REQUIRED ACTION ::
Below are the entries; set down each of them exactly.

DATASET RECORDS ::
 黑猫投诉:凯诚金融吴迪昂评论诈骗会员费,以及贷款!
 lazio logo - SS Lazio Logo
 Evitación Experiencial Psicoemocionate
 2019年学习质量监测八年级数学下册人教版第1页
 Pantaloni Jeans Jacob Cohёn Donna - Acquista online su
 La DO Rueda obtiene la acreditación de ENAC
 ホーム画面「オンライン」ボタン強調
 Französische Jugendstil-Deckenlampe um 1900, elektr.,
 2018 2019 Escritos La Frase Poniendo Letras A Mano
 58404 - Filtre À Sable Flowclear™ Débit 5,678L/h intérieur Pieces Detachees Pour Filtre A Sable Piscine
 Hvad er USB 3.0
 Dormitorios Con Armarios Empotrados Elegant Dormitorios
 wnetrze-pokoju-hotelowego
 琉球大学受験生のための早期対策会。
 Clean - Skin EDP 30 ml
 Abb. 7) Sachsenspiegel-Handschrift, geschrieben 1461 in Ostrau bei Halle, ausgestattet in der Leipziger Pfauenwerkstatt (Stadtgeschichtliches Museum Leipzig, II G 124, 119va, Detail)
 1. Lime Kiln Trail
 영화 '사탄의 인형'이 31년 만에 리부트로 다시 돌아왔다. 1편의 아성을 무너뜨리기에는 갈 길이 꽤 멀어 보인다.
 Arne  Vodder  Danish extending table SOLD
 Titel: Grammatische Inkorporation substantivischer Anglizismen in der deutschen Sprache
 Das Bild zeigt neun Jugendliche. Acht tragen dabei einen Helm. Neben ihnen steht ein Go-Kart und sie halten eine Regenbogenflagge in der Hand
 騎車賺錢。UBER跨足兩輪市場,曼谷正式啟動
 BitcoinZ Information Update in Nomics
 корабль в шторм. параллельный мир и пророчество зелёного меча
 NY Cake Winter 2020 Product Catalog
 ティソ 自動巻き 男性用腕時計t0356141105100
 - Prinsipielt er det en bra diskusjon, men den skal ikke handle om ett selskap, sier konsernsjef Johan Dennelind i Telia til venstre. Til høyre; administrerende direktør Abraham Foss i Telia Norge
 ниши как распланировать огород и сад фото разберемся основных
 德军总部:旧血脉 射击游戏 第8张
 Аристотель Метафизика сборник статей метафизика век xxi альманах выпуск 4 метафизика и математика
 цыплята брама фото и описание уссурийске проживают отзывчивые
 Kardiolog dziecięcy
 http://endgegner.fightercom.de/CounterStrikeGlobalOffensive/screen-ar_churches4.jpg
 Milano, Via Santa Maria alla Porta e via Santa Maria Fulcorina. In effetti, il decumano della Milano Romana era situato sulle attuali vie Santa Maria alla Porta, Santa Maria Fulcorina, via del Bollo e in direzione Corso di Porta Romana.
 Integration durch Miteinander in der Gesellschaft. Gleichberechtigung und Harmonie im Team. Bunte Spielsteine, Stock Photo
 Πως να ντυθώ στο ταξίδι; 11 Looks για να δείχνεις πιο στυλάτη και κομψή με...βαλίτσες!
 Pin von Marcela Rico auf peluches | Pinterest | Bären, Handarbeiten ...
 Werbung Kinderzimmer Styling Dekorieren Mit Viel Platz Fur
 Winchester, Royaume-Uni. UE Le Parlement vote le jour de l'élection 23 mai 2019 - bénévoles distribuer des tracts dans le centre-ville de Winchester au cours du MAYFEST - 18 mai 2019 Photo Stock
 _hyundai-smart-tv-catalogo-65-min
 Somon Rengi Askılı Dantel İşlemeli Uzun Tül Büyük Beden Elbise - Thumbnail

SOLUTION ::
 黑猫投诉:凯诚金融吴迪昂评论诈骗会员费,以及贷款!
 lazio logo - SS Lazio Logo
 Evitación Experiencial Psicoemocionate
 2019年学习质量监测八年级数学下册人教版第1页
 Pantaloni Jeans Jacob Cohёn Donna - Acquista online su
 La DO Rueda obtiene la acreditación de ENAC
 ホーム画面「オンライン」ボタン強調
 Französische Jugendstil-Deckenlampe um 1900, elektr.,
 2018 2019 Escritos La Frase Poniendo Letras A Mano
 58404 - Filtre À Sable Flowclear™ Débit 5,678L/h intérieur Pieces Detachees Pour Filtre A Sable Piscine
 Hvad er USB 3.0
 Dormitorios Con Armarios Empotrados Elegant Dormitorios
 wnetrze-pokoju-hotelowego
 琉球大学受験生のための早期対策会。
 Clean - Skin EDP 30 ml
 Abb. 7) Sachsenspiegel-Handschrift, geschrieben 1461 in Ostrau bei Halle, ausgestattet in der Leipziger Pfauenwerkstatt (Stadtgeschichtliches Museum Leipzig, II G 124, 119va, Detail)
 1. Lime Kiln Trail
 영화 '사탄의 인형'이 31년 만에 리부트로 다시 돌아왔다. 1편의 아성을 무너뜨리기에는 갈 길이 꽤 멀어 보인다.
 Arne  Vodder  Danish extending table SOLD
 Titel: Grammatische Inkorporation substantivischer Anglizismen in der deutschen Sprache
 Das Bild zeigt neun Jugendliche. Acht tragen dabei einen Helm. Neben ihnen steht ein Go-Kart und sie halten eine Regenbogenflagge in der Hand
 騎車賺錢。UBER跨足兩輪市場,曼谷正式啟動
 BitcoinZ Information Update in Nomics
 корабль в шторм. параллельный мир и пророчество зелёного меча
 NY Cake Winter 2020 Product Catalog
 ティソ 自動巻き 男性用腕時計t0356141105100
 - Prinsipielt er det en bra diskusjon, men den skal ikke handle om ett selskap, sier konsernsjef Johan Dennelind i Telia til venstre. Til høyre; administrerende direktør Abraham Foss i Telia Norge
 ниши как распланировать огород и сад фото разберемся основных
 德军总部:旧血脉 射击游戏 第8张
 Аристотель Метафизика сборник статей метафизика век xxi альманах выпуск 4 метафизика и математика
 цыплята брама фото и описание уссурийске проживают отзывчивые
 Kardiolog dziecięcy
 http://endgegner.fightercom.de/CounterStrikeGlobalOffensive/screen-ar_churches4.jpg
 Milano, Via Santa Maria alla Porta e via Santa Maria Fulcorina. In effetti, il decumano della Milano Romana era situato sulle attuali vie Santa Maria alla Porta, Santa Maria Fulcorina, via del Bollo e in direzione Corso di Porta Romana.
 Integration durch Miteinander in der Gesellschaft. Gleichberechtigung und Harmonie im Team. Bunte Spielsteine, Stock Photo
 Πως να ντυθώ στο ταξίδι; 11 Looks για να δείχνεις πιο στυλάτη και κομψή με...βαλίτσες!
 Pin von Marcela Rico auf peluches | Pinterest | Bären, Handarbeiten ...
 Werbung Kinderzimmer Styling Dekorieren Mit Viel Platz Fur
 Winchester, Royaume-Uni. UE Le Parlement vote le jour de l'élection 23 mai 2019 - bénévoles distribuer des tracts dans le centre-ville de Winchester au cours du MAYFEST - 18 mai 2019 Photo Stock
 _hyundai-smart-tv-catalogo-65-min
 Somon Rengi Askılı Dantel İşlemeli Uzun Tül Büyük Beden Elbise - Thumbnail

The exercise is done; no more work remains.